Her story was perfect, fitting “Technology Fairytales”, until the castle came crashing down, when she was ousted as CEO. Her company, Theranos, was then shut down by Wall Street Journal Investigation exposè, that shed a light on unproven technology, massive wire fraud and dubious business practices. Till date, her trial is still ongoing, and if convicted will face upto 20 years in prison.
However, firing a founder can be a mistake, probably one that can cost you, a potential future. History can attest to this, when Steve Jobs was fired from his own company, Apple, in 1985. Steve then, having publicly humiliated regrouped and went back to work launching NeXT and later on Pixar Animation, for which the former was acquired by Apple and the latter acquired by Disney. He was later on brought back by Apple in 1996, which was struggling at that time, revamped it and created the cash cow that it is to date. That is one of greatest comeback and turnaround in history that companies have ever seen.

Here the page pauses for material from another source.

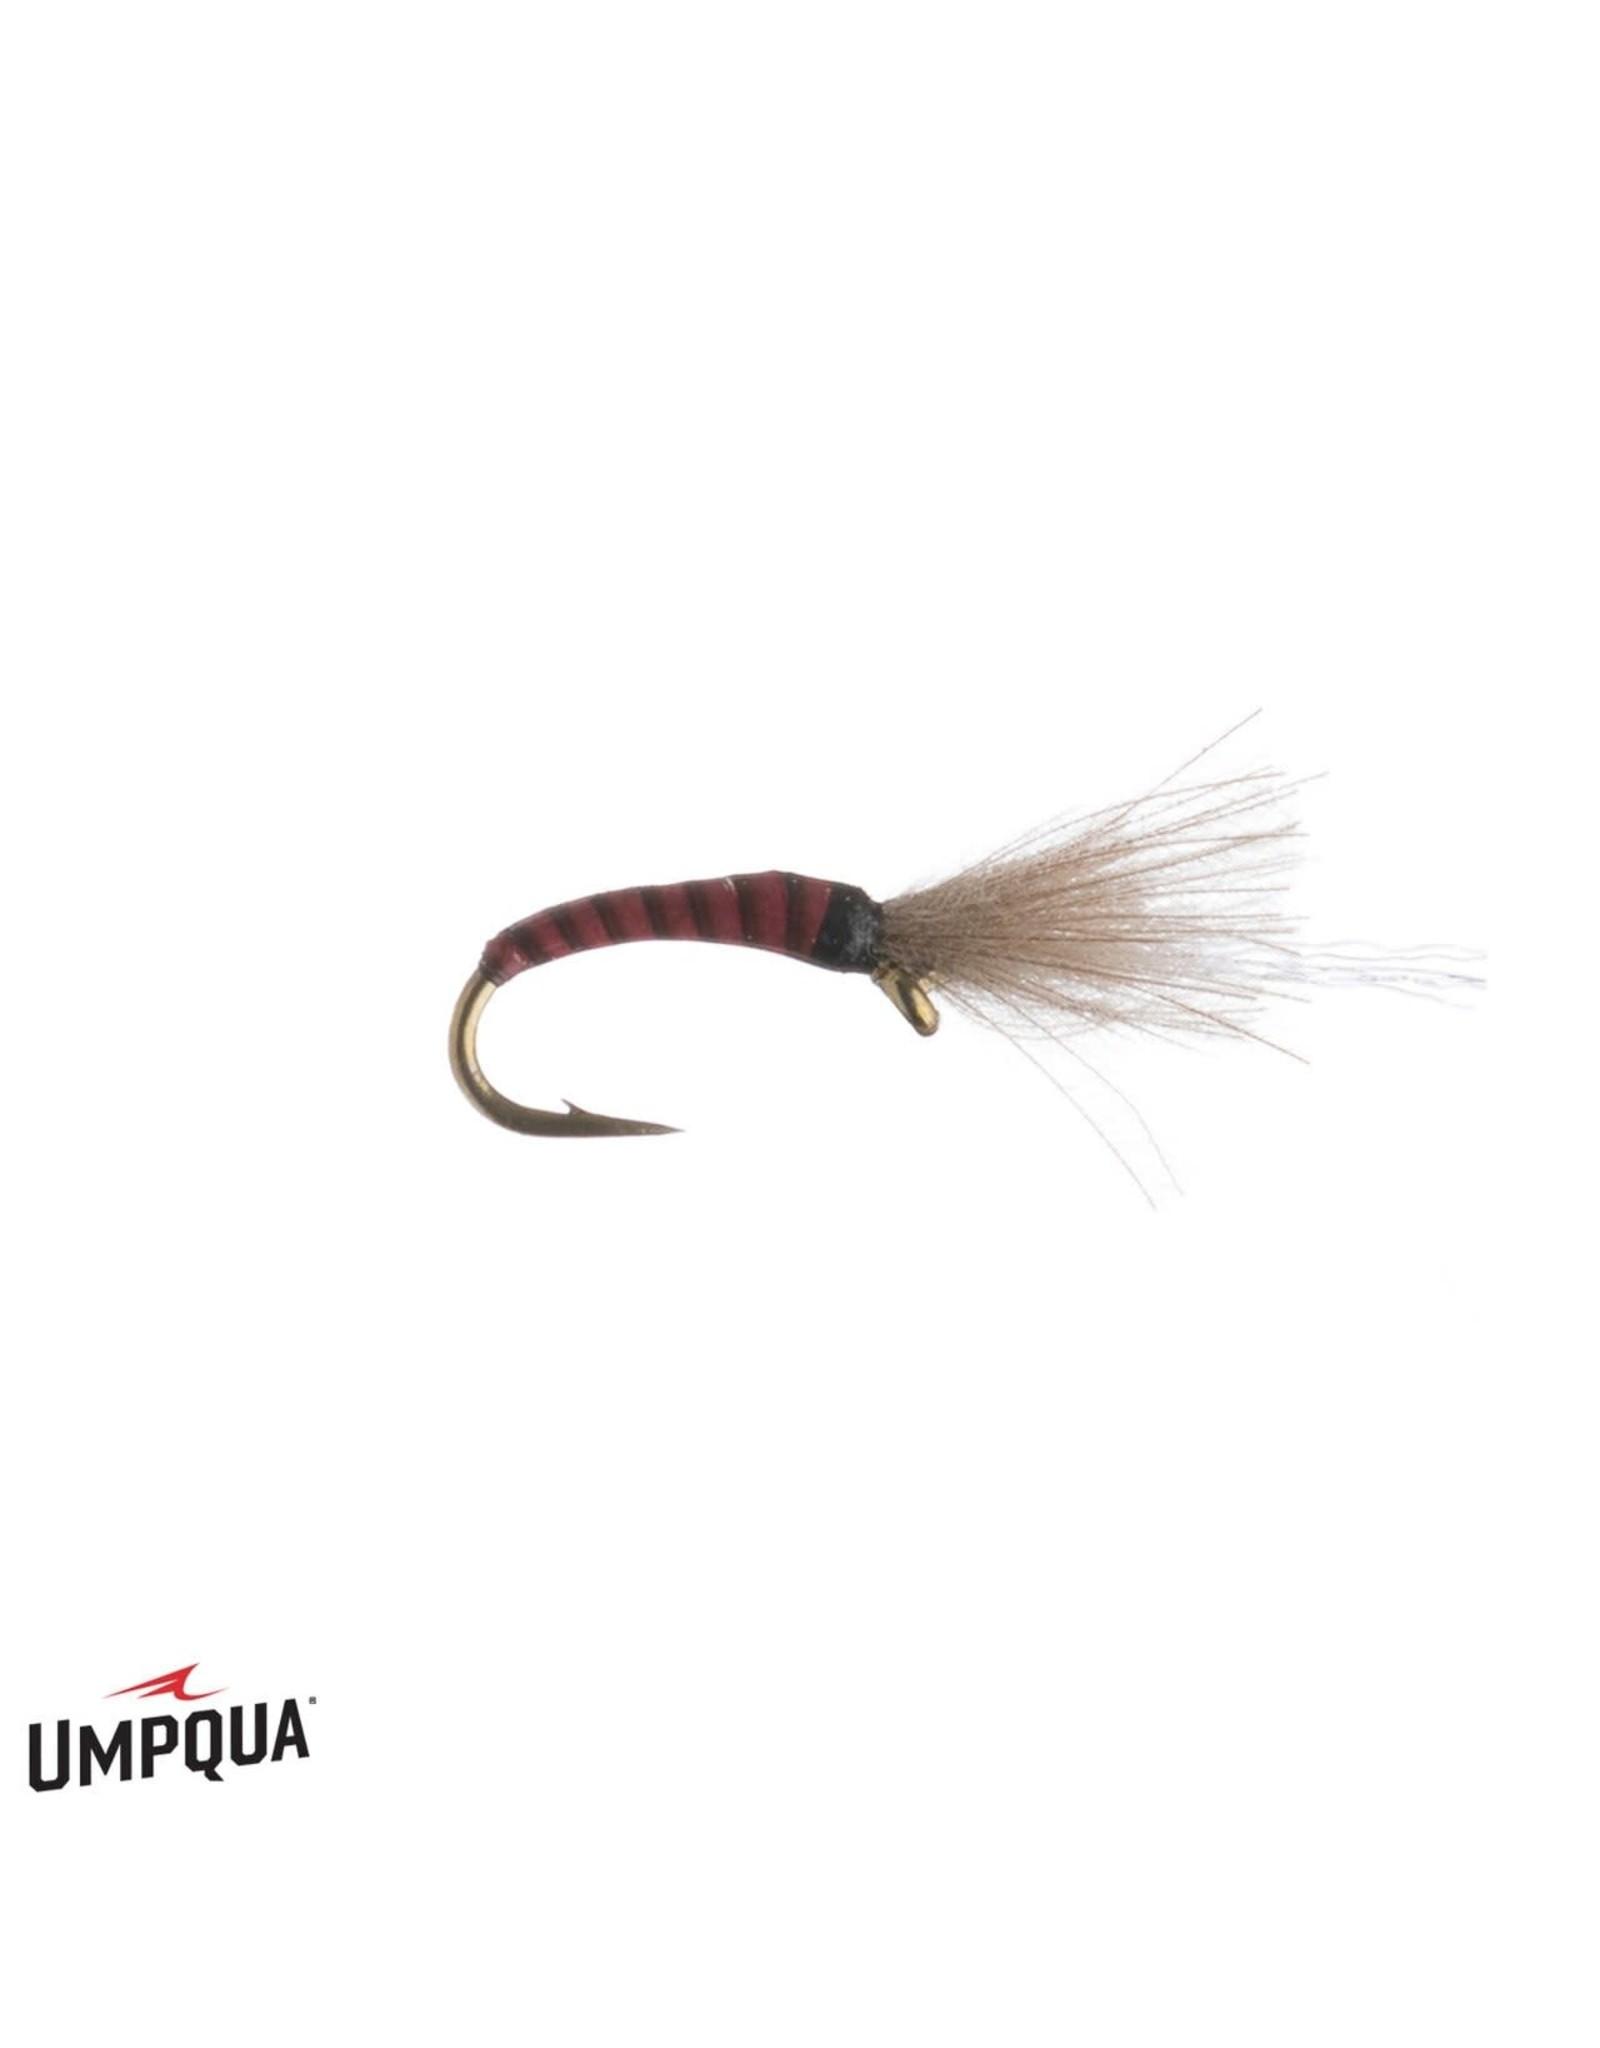 Umpqua Craven's Mole Midge (3 Pack)

Truth is, there is no exact answer. The sure thing is, the pressure is overwhelming, pressure to grow the business from rags to riches, pressure to scale up, pressure to seek funding, pressure to raise IPO, the proxy season is gruelling, pressure from the media, pressure from stock indices performances that tests what you are really made of, and for lack of a better sentence “Separate the Men, from the boys”. Some survive the trials and emerge amazing business heads in the process, while some just cannot. Honestly, some individuals are just more of visionaries or innovators other than businessmen, and to be successful in retaining control of your company, one needs to master both in order to cement his or her own legacy as one of the greats to ever do it.